Sunday 31 December 2017

Hello Shame






We are now just one short week away from The English Christmas, school is bursting with excitement and our Christmas holidays will soon begin (see post Welcome Christmas). I too am carried away on this wave of delirious expectation, but we momentarily put this euphoria aside as Mama now confronts her first emotional crisis at Warley Psychiatric and Geriatric Hospital. After working there only a short while as a Nursing assistant with the elderly patients, she comes home in tears: Mama has just had her first encounter with the most unwelcome of hospital visitors; death. Emily, her favourite patient has died. Mama is openly weeping and clearly incensed at the unfair fate that has befallen this elderly lady. ‘Why did Emily have to die? she was the sweetest and kindest soul, such a lovely and gentle person.

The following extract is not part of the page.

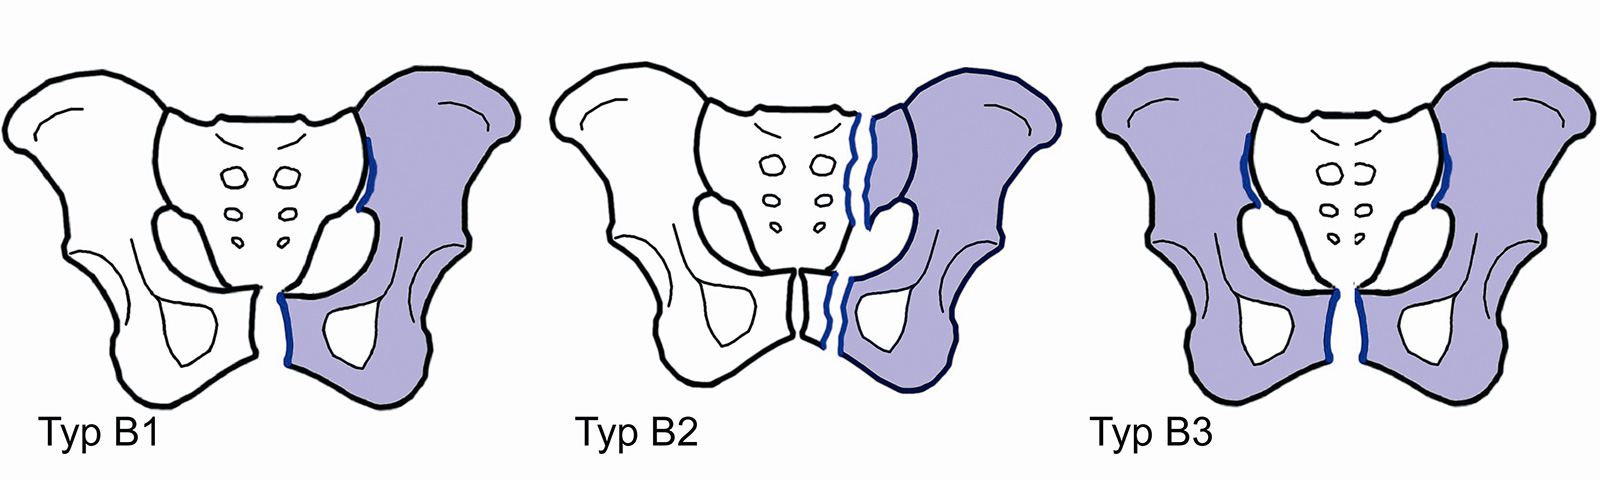 Abb. 3-13: ABC Klassifikation nach Tile: Beispiele für Typ B Frakturen (B2: entweder vorderer Beckenring oder Sakrum)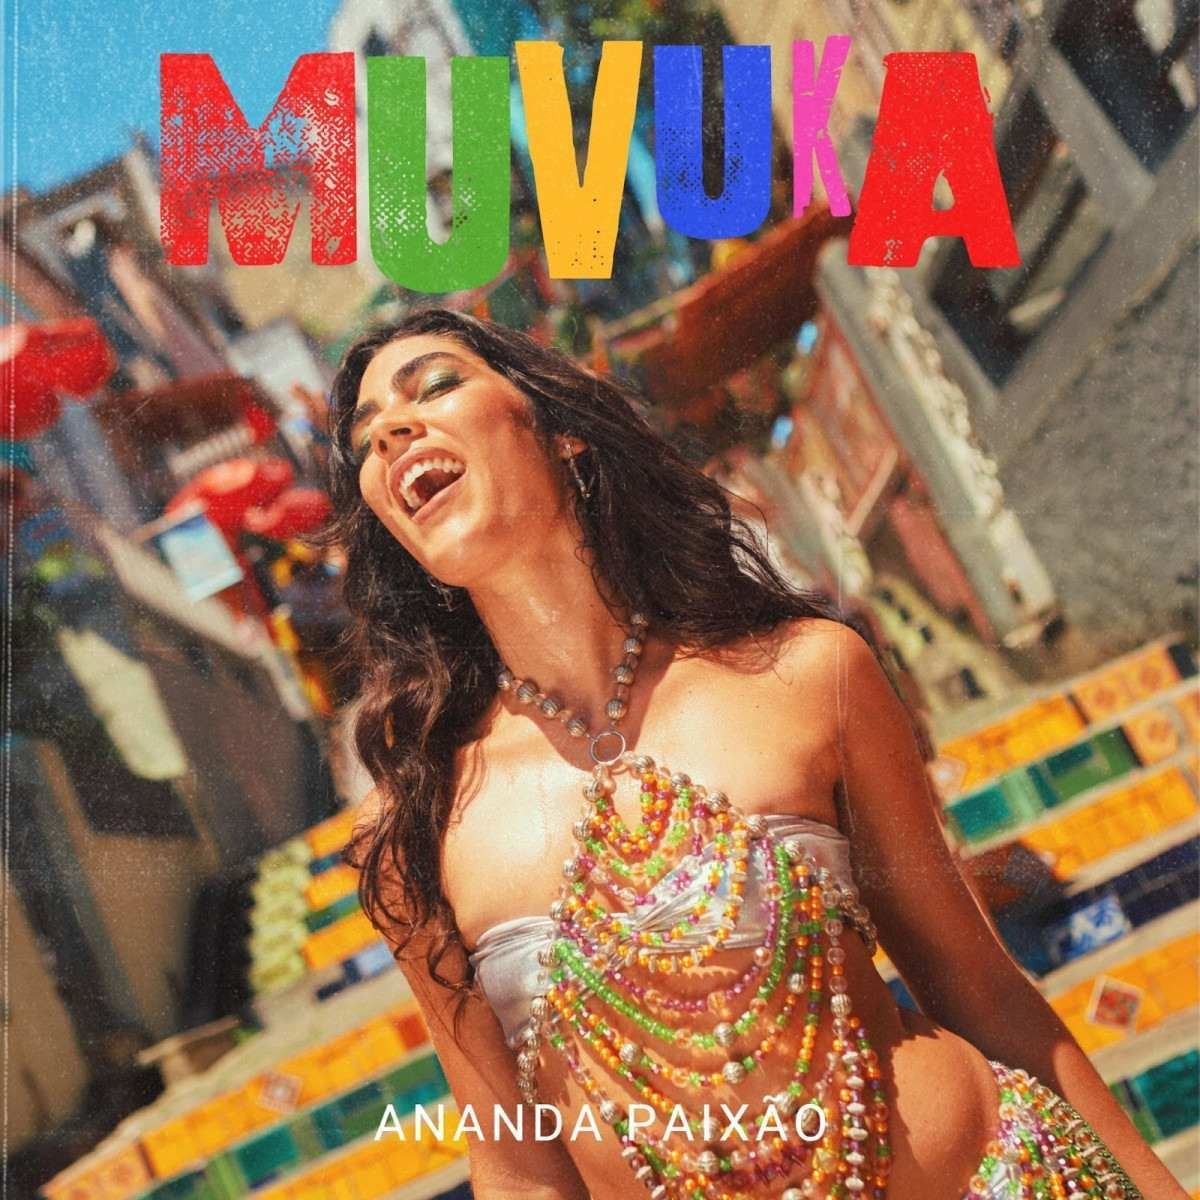 Ananda Paixão lança 'Muvuka', pagodão envolvente para curtir o carnaval

Why could it not be that old bat Mrs Maynard who is always making our life on the ward so difficult? It’s so unfair! and she bursts into a fresh fit of sobbing. I am only nine and Sis is only four, and we do not really know how to comfort Mama, so we just silently hug her from either side and after a while the sadness that envelopes her recedes, and along with it the tears.






After wiping her eyes and gathering herself she tells us in her most jolly voice that we will also celebrate Christmas the English way with turkey, roast potatoes and mince pies to follow for desert. Mama is not sure how to make this all, but she will ask her fellow English work companions. Mama also tells us that on Christmas Day, each ward at the Hospital will hold their own party for the patients and staff. If we girls are good, Mama will take us along to her own ward, Jasmine to say hello to the staff meet the patients and enjoy the celebrations. A party! An English Christmas party with English Christmas food! Sis and I look at one other with glee. We cannot wait and don’t care if the patients we meet will have an average age of one-hundred and are all senile to boot. A party is a party even in a psychiatric hospital surrounded by the old, the mad and sometimes even both together. Mama’s grief is now spent, and she gathers herself and resumes her role as our Mama. And so concludes the episode of Emily’s passing, the first death Mama encounters in her work at Warley Hospital. Sis and I will never again have to comfort Mama in this way. Thereafter, Mama gradually becomes immune to the agonizing emotions evoked by this most frequent of unwanted caller.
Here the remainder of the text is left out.